23. Clause (8) Conveyances and Documents : The usual provisions relating to conveyances and documents of title, etc.
24. Clause (9) Liberty to apply including liberty to. bring on the matter for further directions in the partition list at the instance of the Commissioner, or at the instance of any party with the Commissioner's consent or with the sanction of the Special Officer.
25. I will not dictate Schedule C, (powers and duties of the Commissioner) because that requires consideration. It should however include the following matters : power to equalize, power to examine persons and to call for documents, power to execute conveyances on behalf of the parties, power to appoint surveyors, and also as at present advised other matters such as powers to sell under the Partition Act or outside the Partition Act making it clear what procedure the Commissioner should follow. (That being a common source of trouble).
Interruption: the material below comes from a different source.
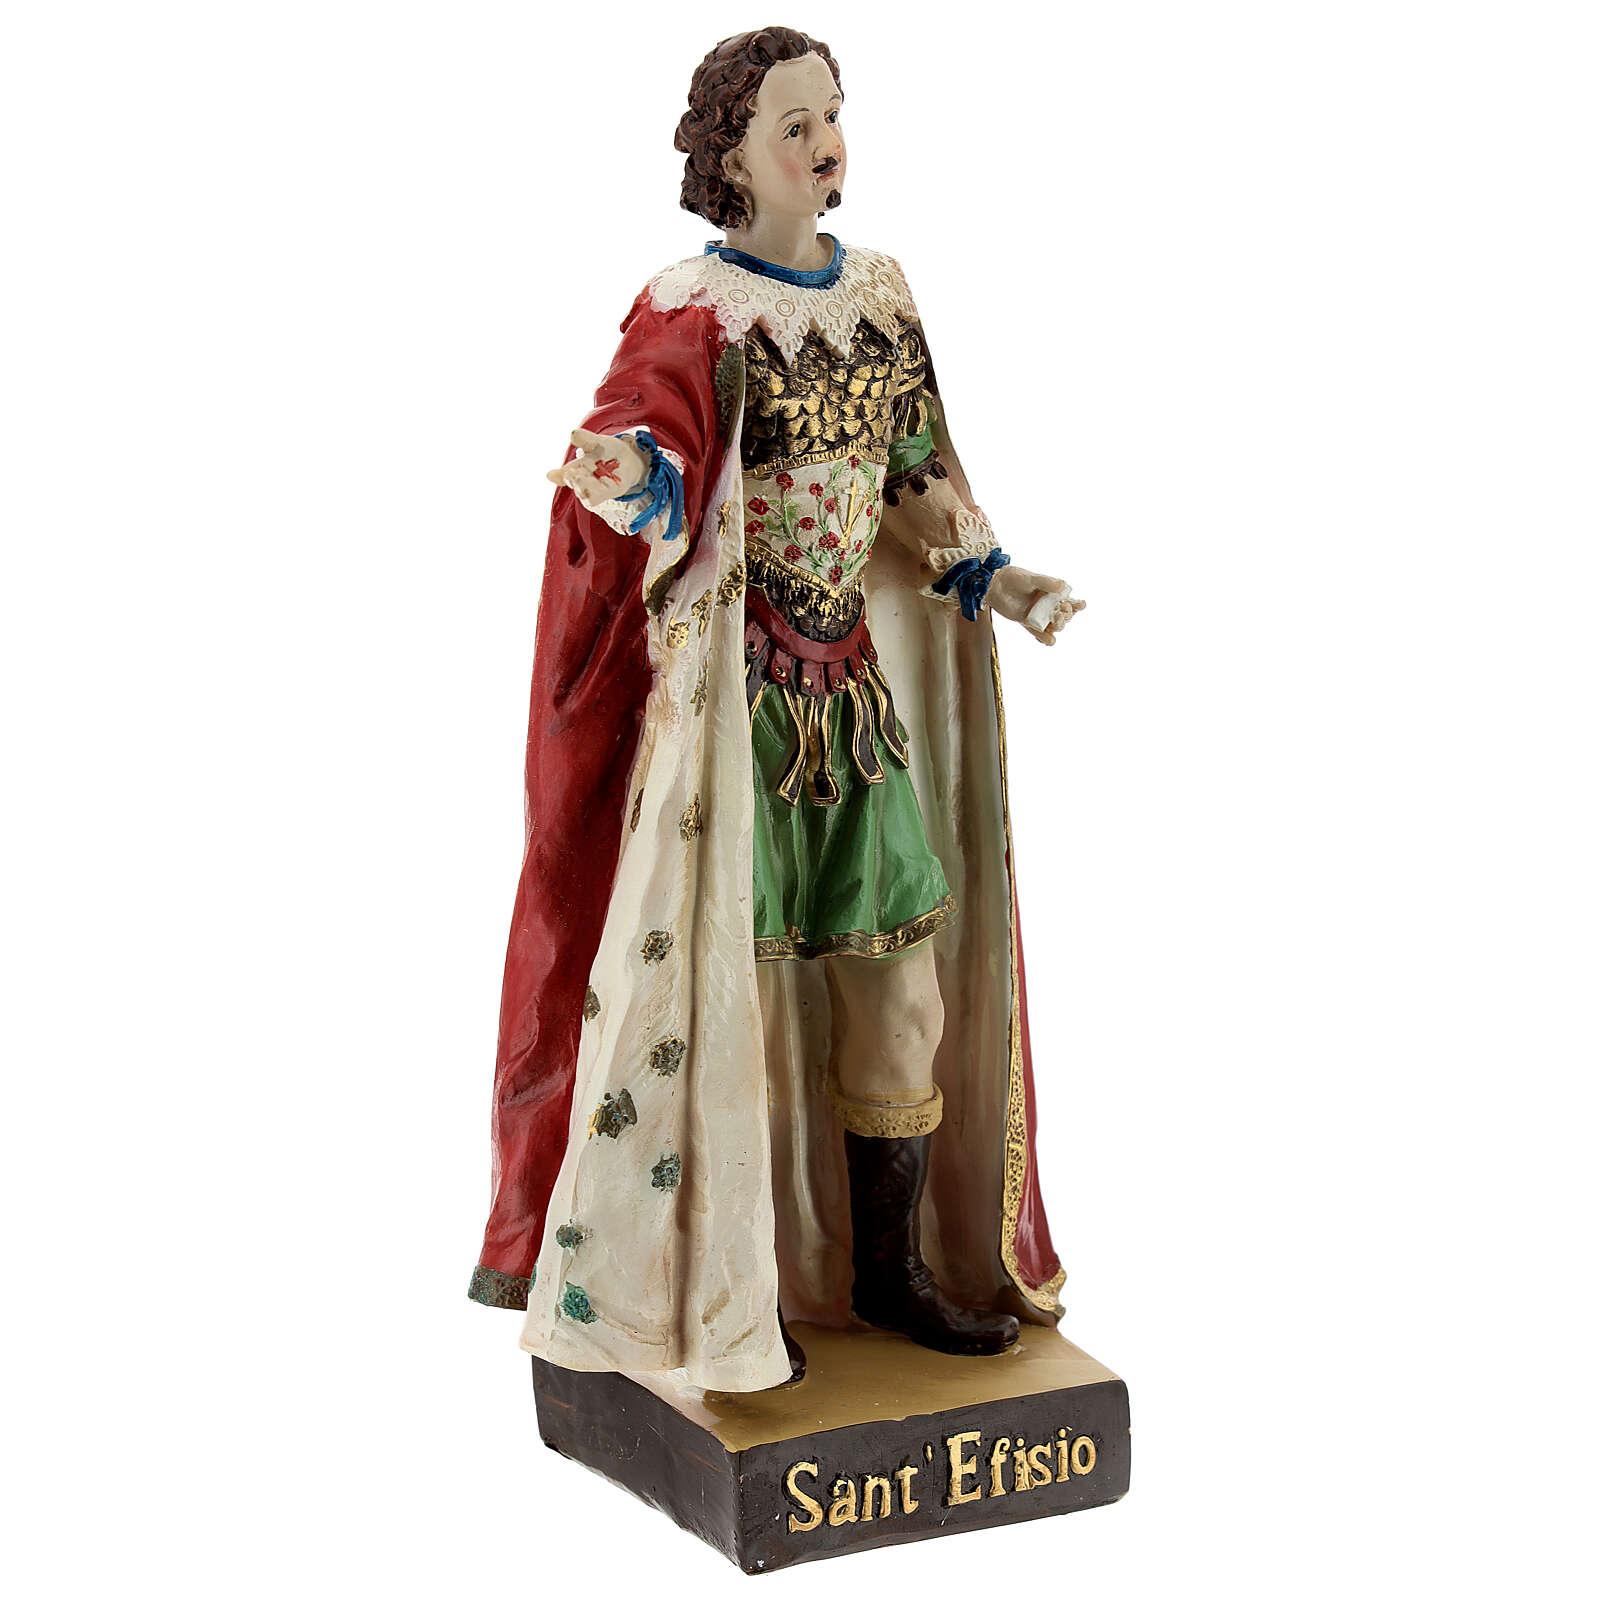 Sant'Efisio statua resina 20 cm 4

26. The order on the application in Bhaduri v. Bhaduri is as follows : (1) The aggregate costs incurred since the preliminary decree including the costs of the Commissioner, the costs of the filing of the return and obtaining information shall be assessed by my officer. (2) On such assessment the Commissioner will be good enough to make up his final return in the form suggested, i.e., formal return with the accounts annexed closing the partition. (3) He may place this before this Court without stamps. (4) The matter will be in the list on Friday 4 weeks hence for confirmation. (5) Should the costs fall short of Rs. 2800 the Commissioner will work out his final return on the basis indicated but with the necessary adjustment. (6) Direction upon the attorneys or the heirs of those who have not survived the partition to submit their bills to Mr. S. Banerjee within a week from now. (7) The Commissioner will also be good enough to supply a minute of the order for substitution required, upon which the necessary amendments will be made without any order being drawn up.